Regulation is an imperative
Solving the above challenges, and adopting circular economy principles in the built
environment, would bring about significant environmental, economic and societal
benefits.
However, this optimisation relies on significantly increased collaboration between industry stakeholders – including investors and policy-makers – across the value chain.
Innovation around capturing the value and opportunity of more circular approaches through a project’s lifestyle, digital tools to improve transparency, knowledge and information sharing, and innovative techniques to incorporate circularity into mainstream materials are all critical to gaining traction.
Circularity is important in material production, and ensuring that the approach is integrated into all stages of the building process.
The policy landscape is also evolving to take into account the carbon impact. The
regulatory frameworks that are required to bring circular solutions to scale are still far
from complete.
Encouragingly, initiatives like the EU Green Deal have spurred substantial investments in the market, including from private equity.
Circular solutions are increasingly viewed as future-proof investments and clear and deliberate legislation can create signals to industrial players for investment in technologies and solutions that support the realisation of a circular built world.
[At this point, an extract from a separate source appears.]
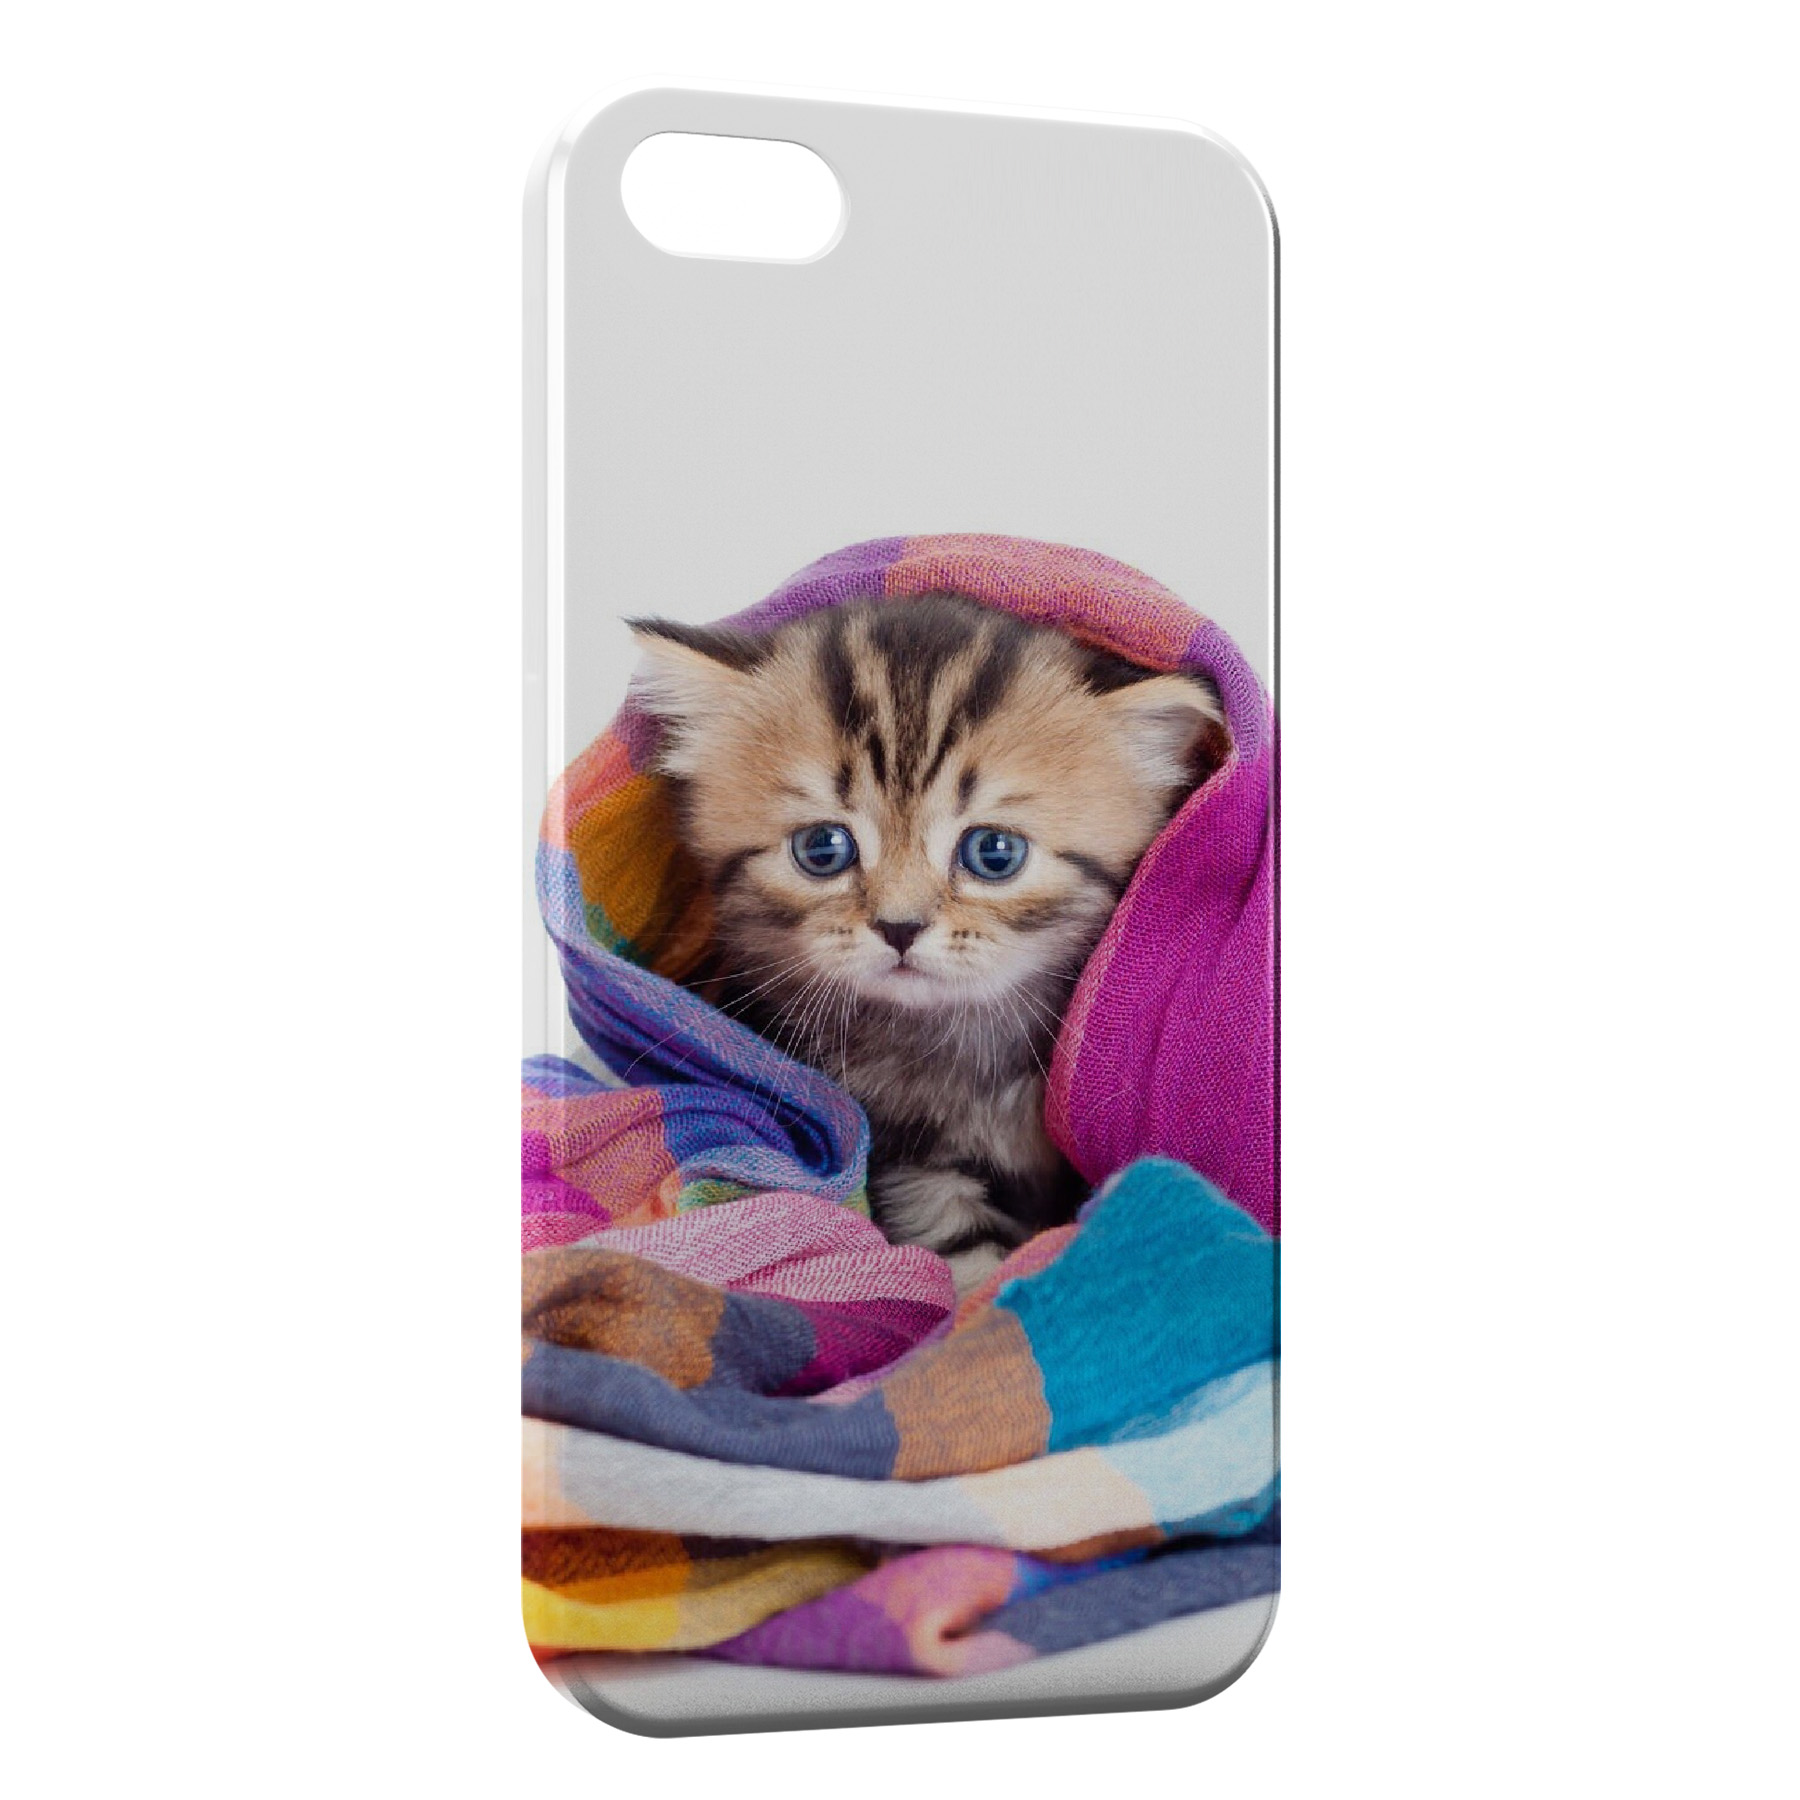 Coque iPhone 4 4S Chat Mignon Serviette

Implementing incentives to promote circularity
Some potentially significant drivers of change to incentivise companies to promote
circularity include stricter carbon tax frameworks and landfill usage penalties.
Future-forward industry players will anticipate the needs of a changing world, and strive
to adapt from a linear material landscape to a circular one.
Companies who make changes to their business models and processes early and increase their levels of collaboration will be the ones who benefit the most (financially and environmentally), and capture the most value in a circular economy.
If the built environment wants to achieve circularity, and see the same environmental
and economic benefits as industries who have already adopted a circular model,
collaborative efforts are required across value chains.
Through collaboration, existing barriers that are preventing the industry from adopting this model, such as lack of jobs and capital, will also be knocked down, ensuring efficiency across businesses.